## Raw data

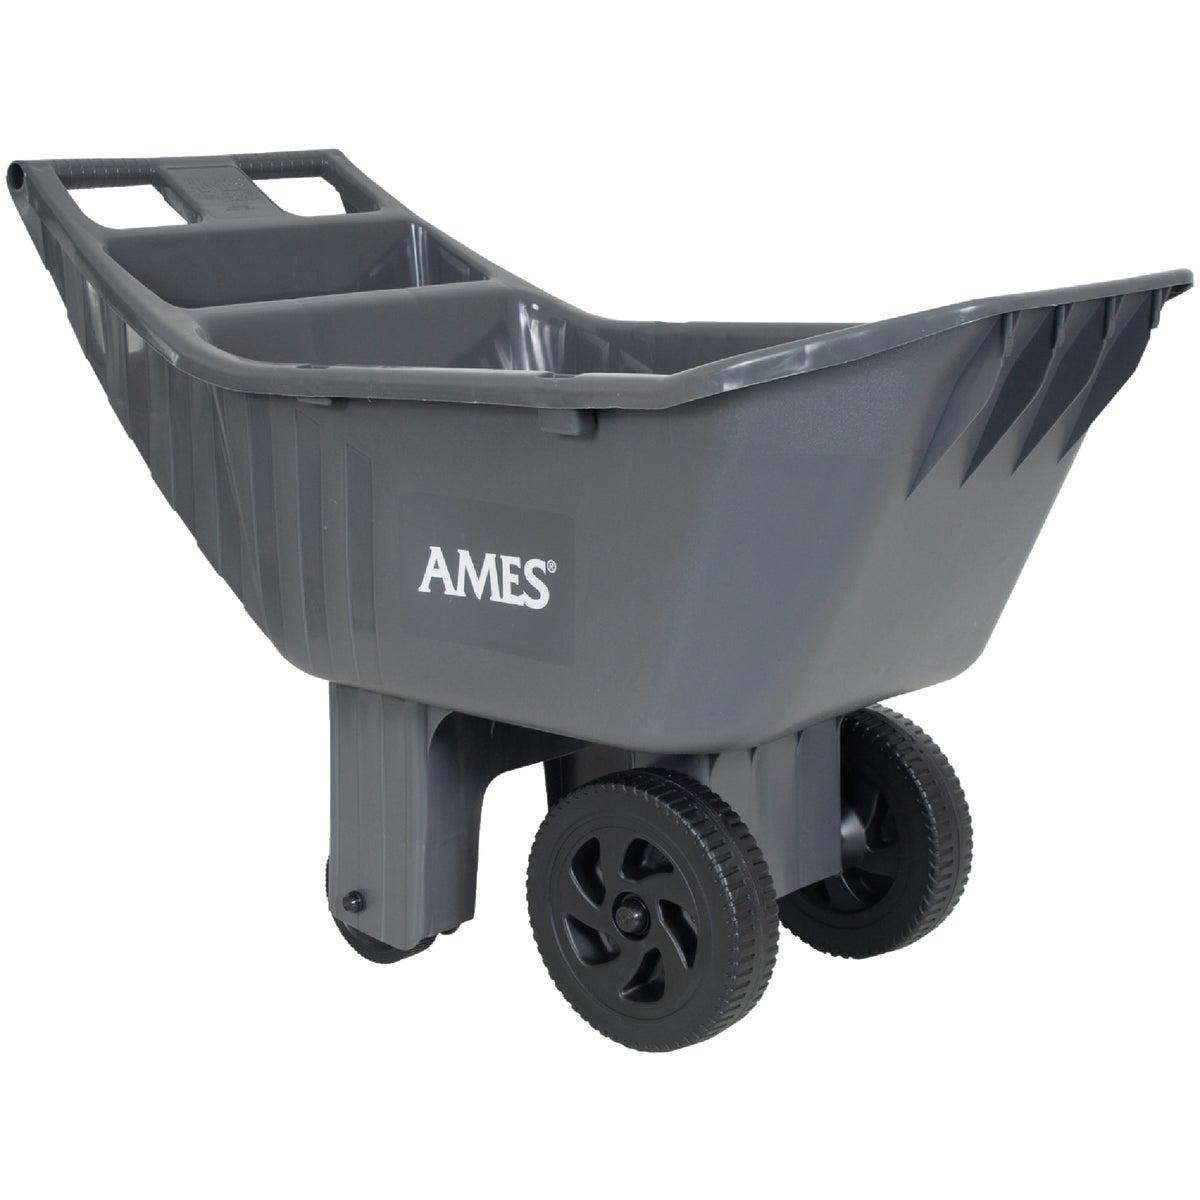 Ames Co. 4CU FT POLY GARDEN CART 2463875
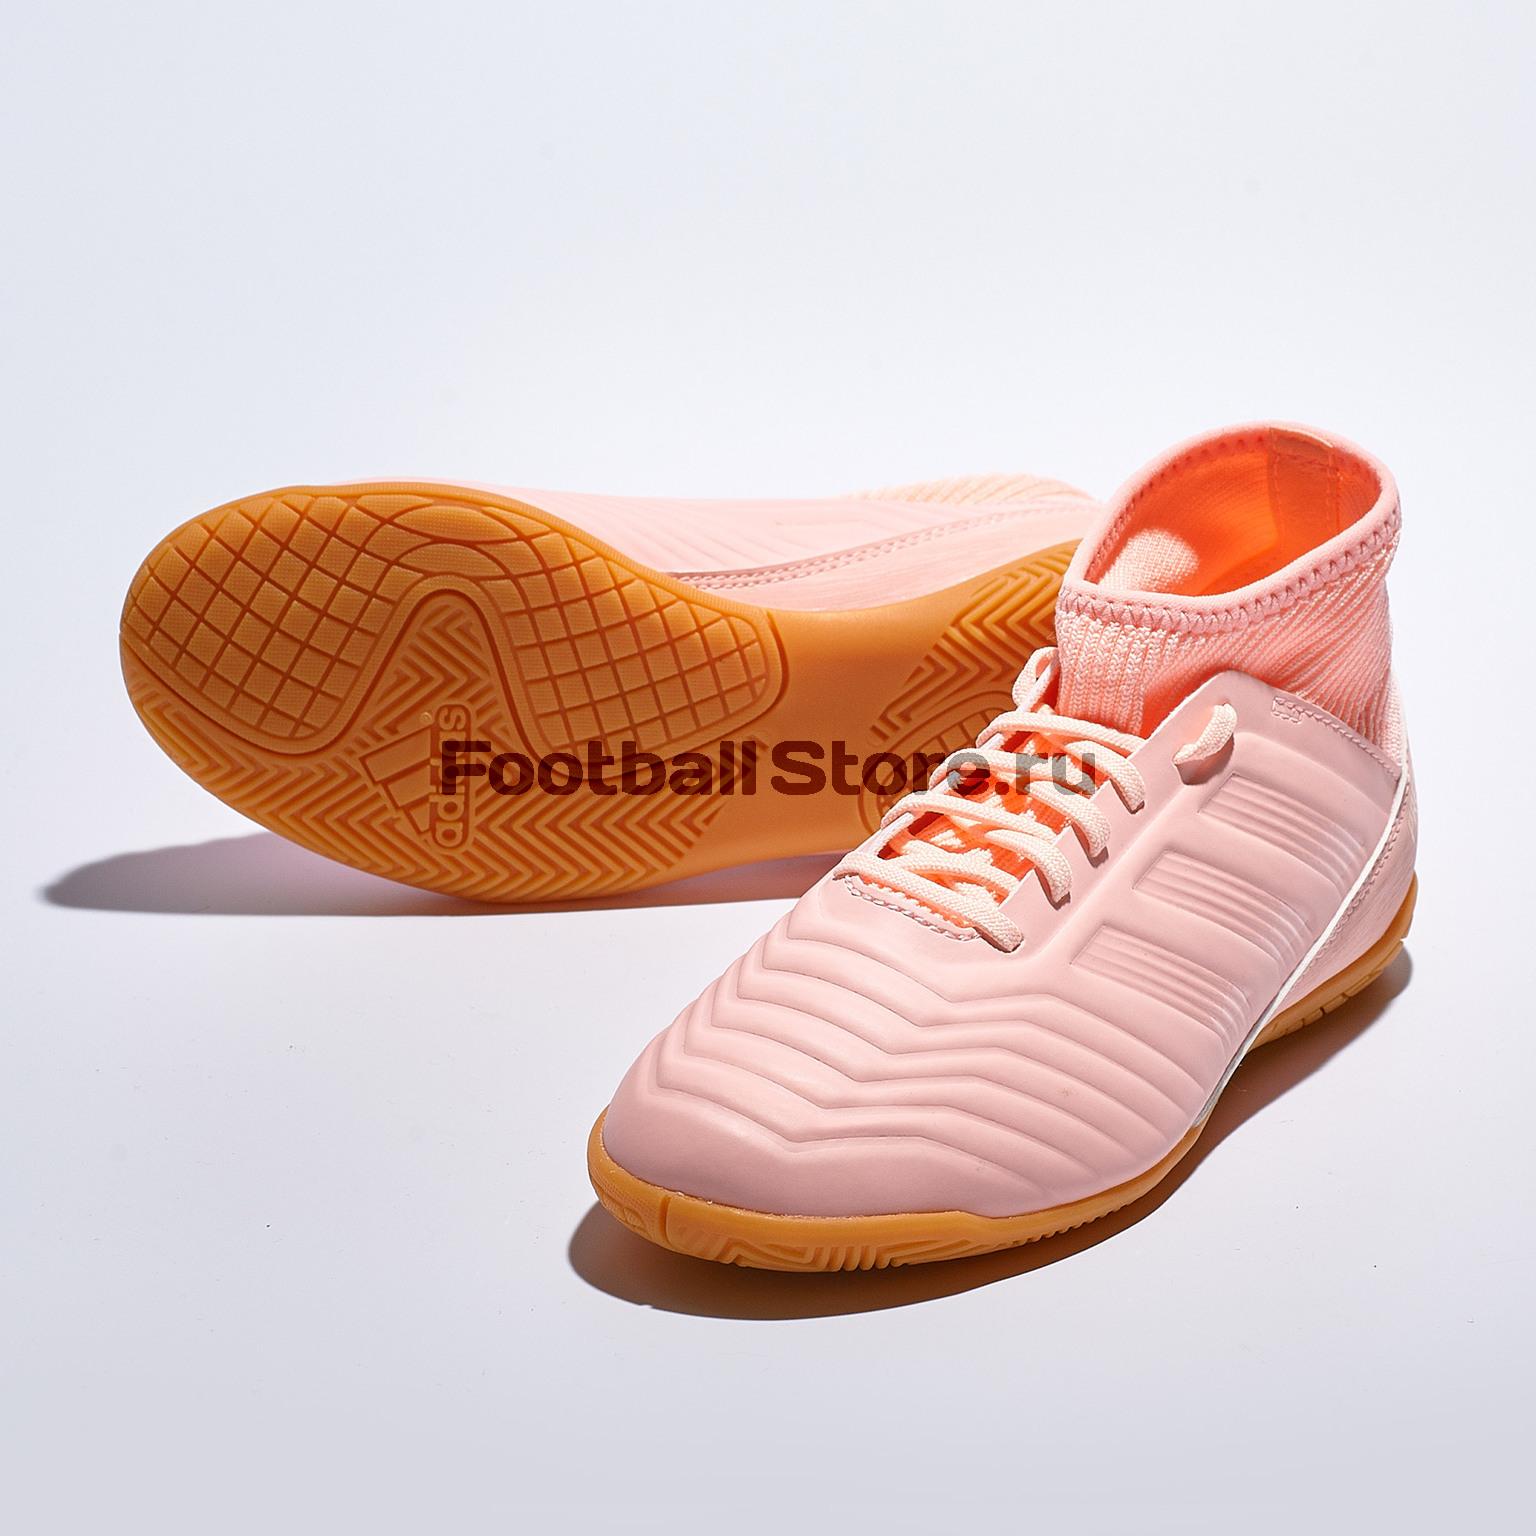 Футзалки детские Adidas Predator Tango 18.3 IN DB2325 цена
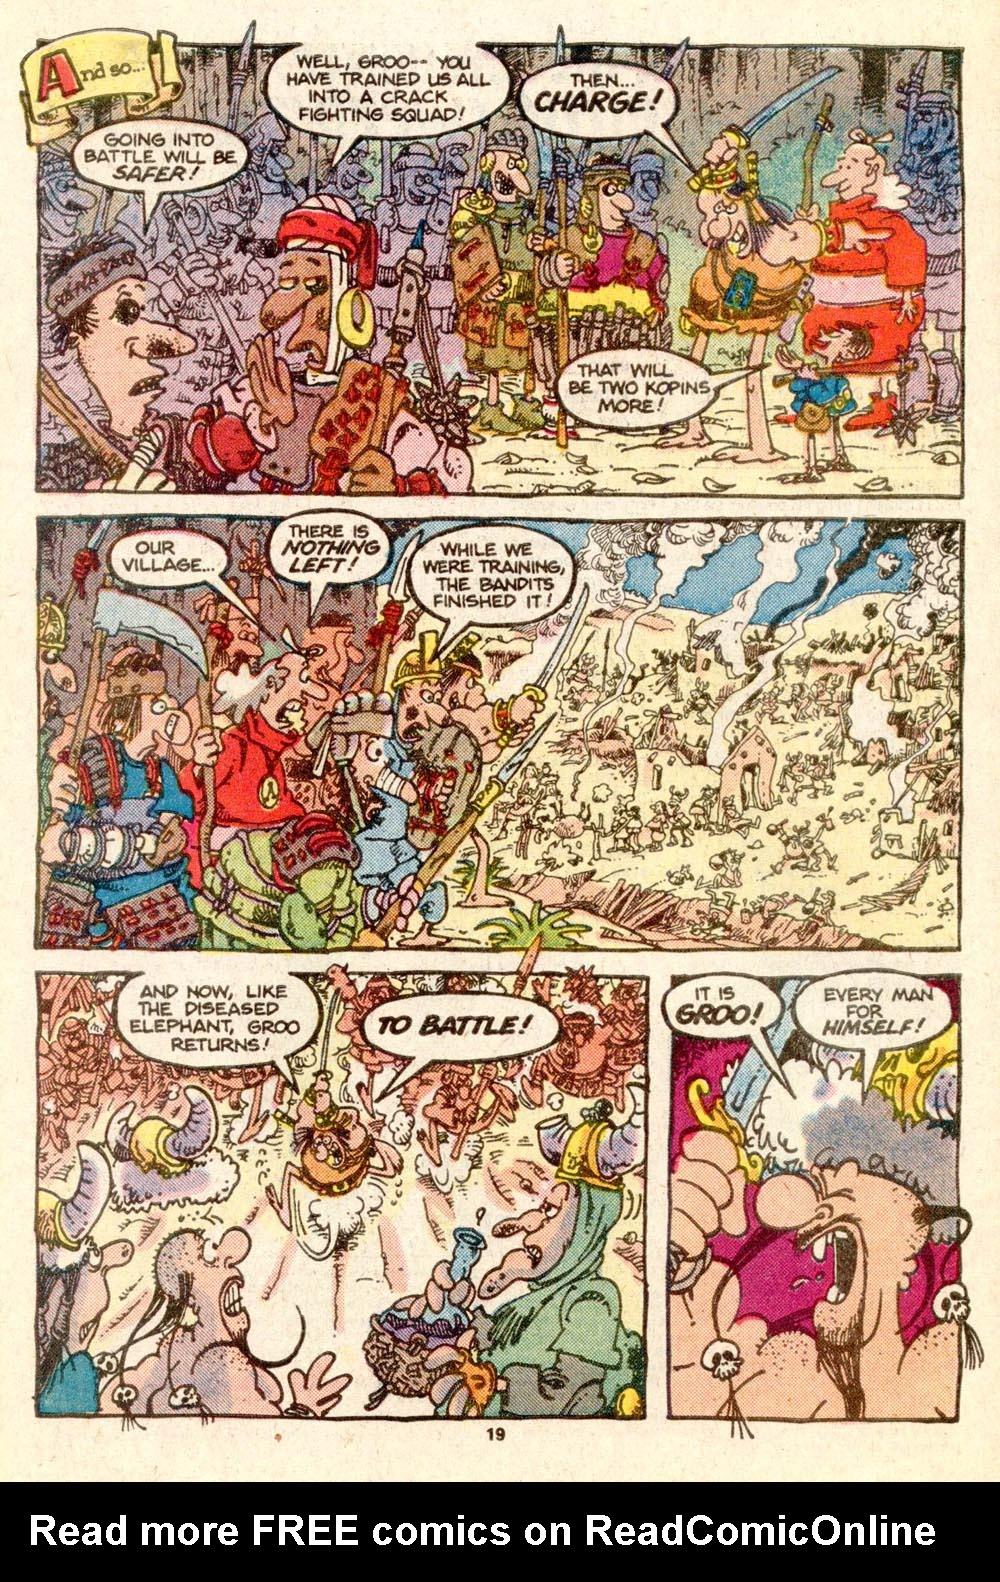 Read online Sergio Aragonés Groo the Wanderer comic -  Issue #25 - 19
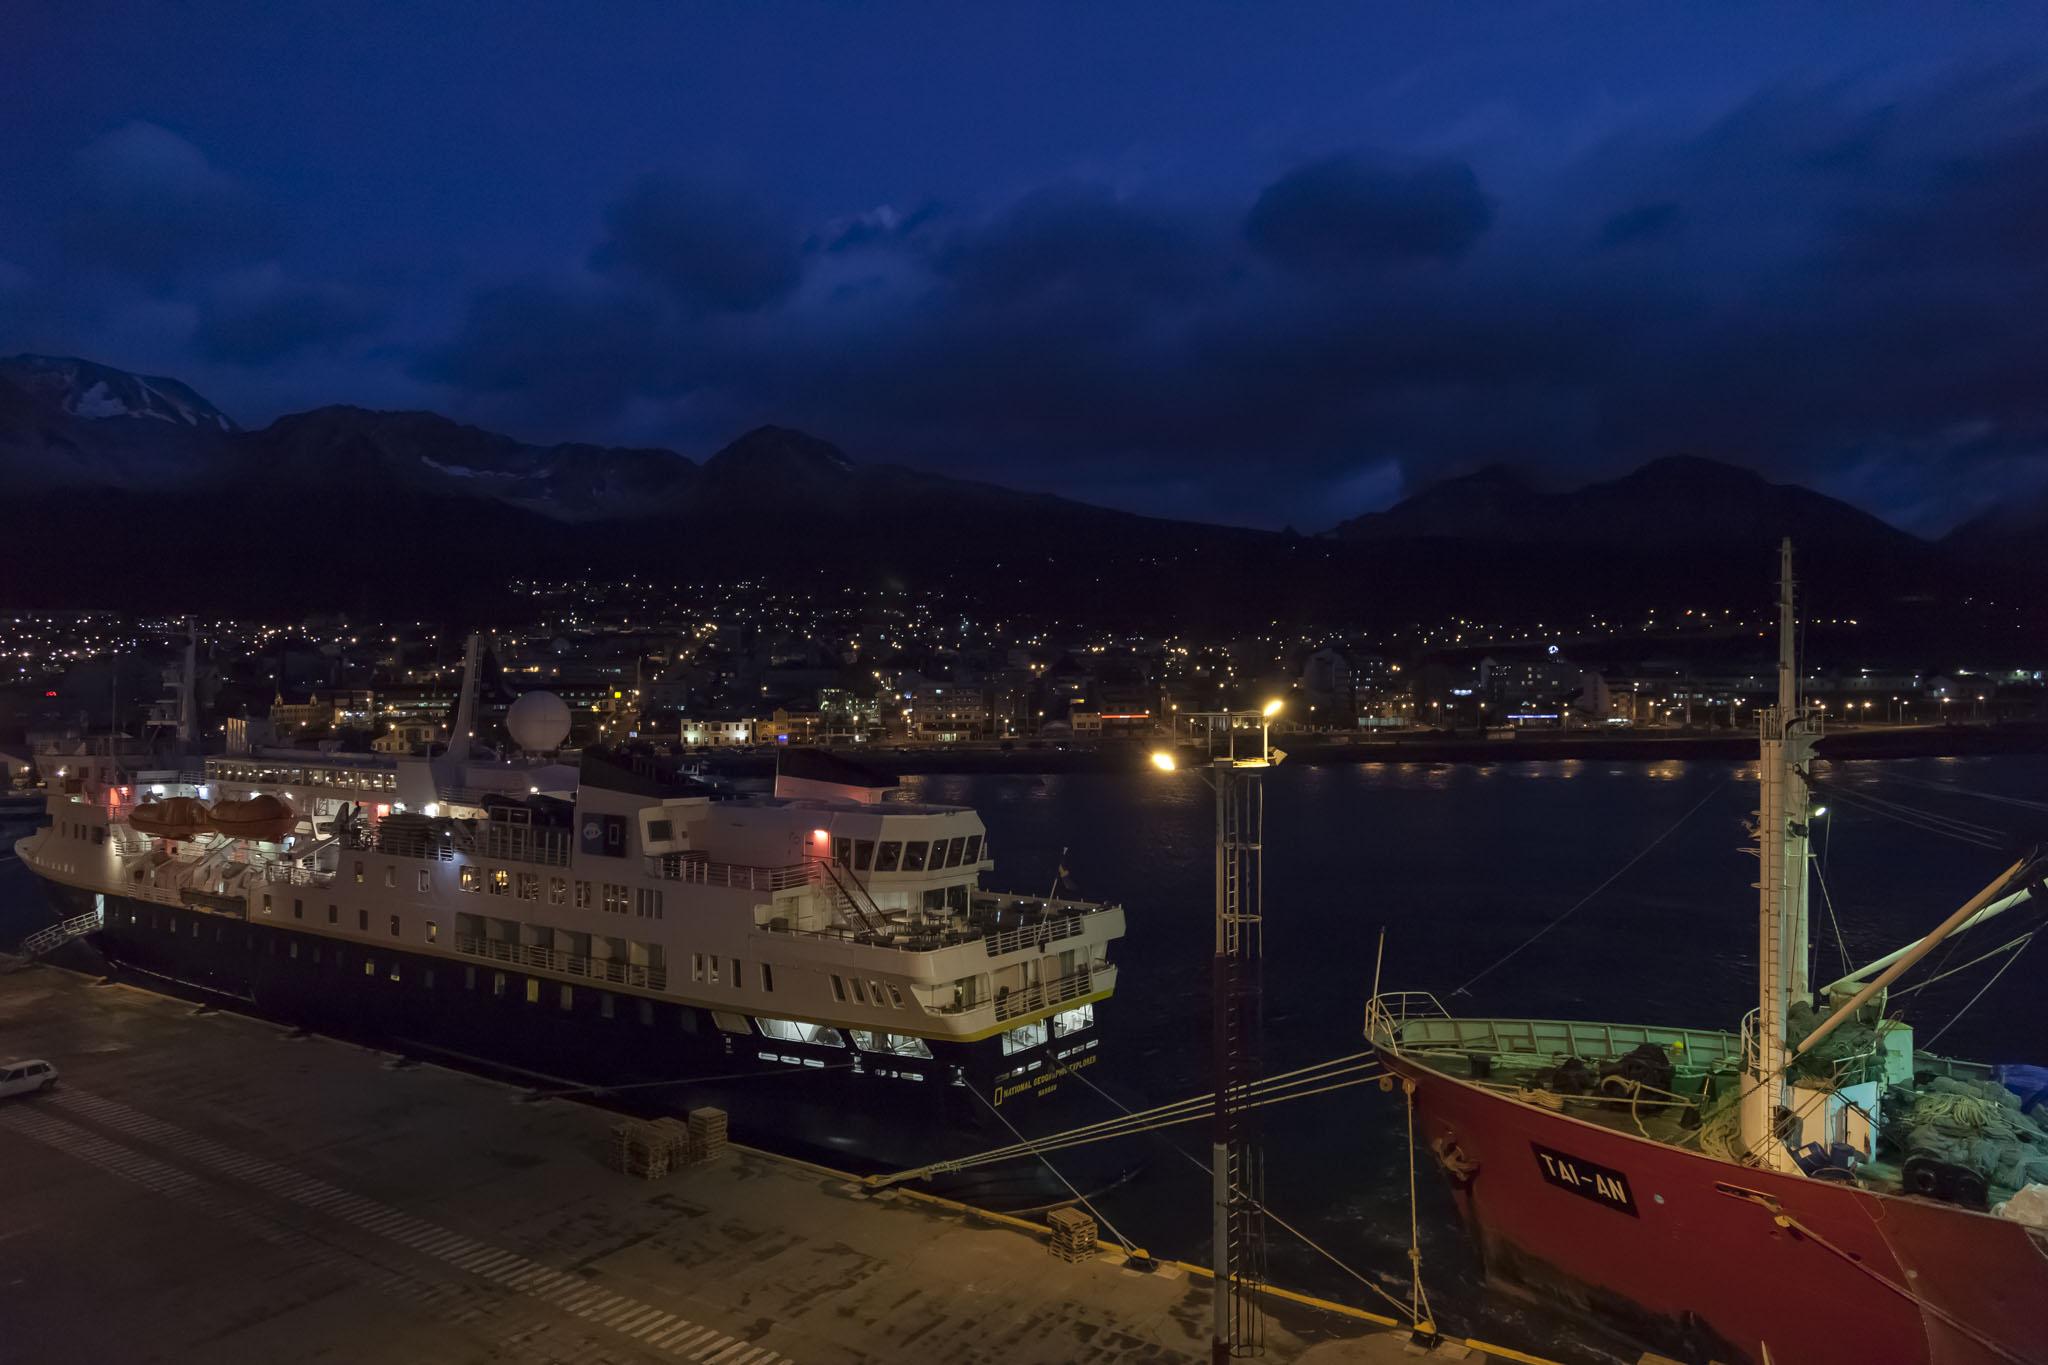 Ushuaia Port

## Your goal
Each line above must be set down exactly, though no picture should be carried over.

## Solution to the exercise
 Ames Co. 4CU FT POLY GARDEN CART 2463875
 Футзалки детские Adidas Predator Tango 18.3 IN DB2325 цена
 Read online Sergio Aragonés Groo the Wanderer comic -  Issue #25 - 19
 Ushuaia Port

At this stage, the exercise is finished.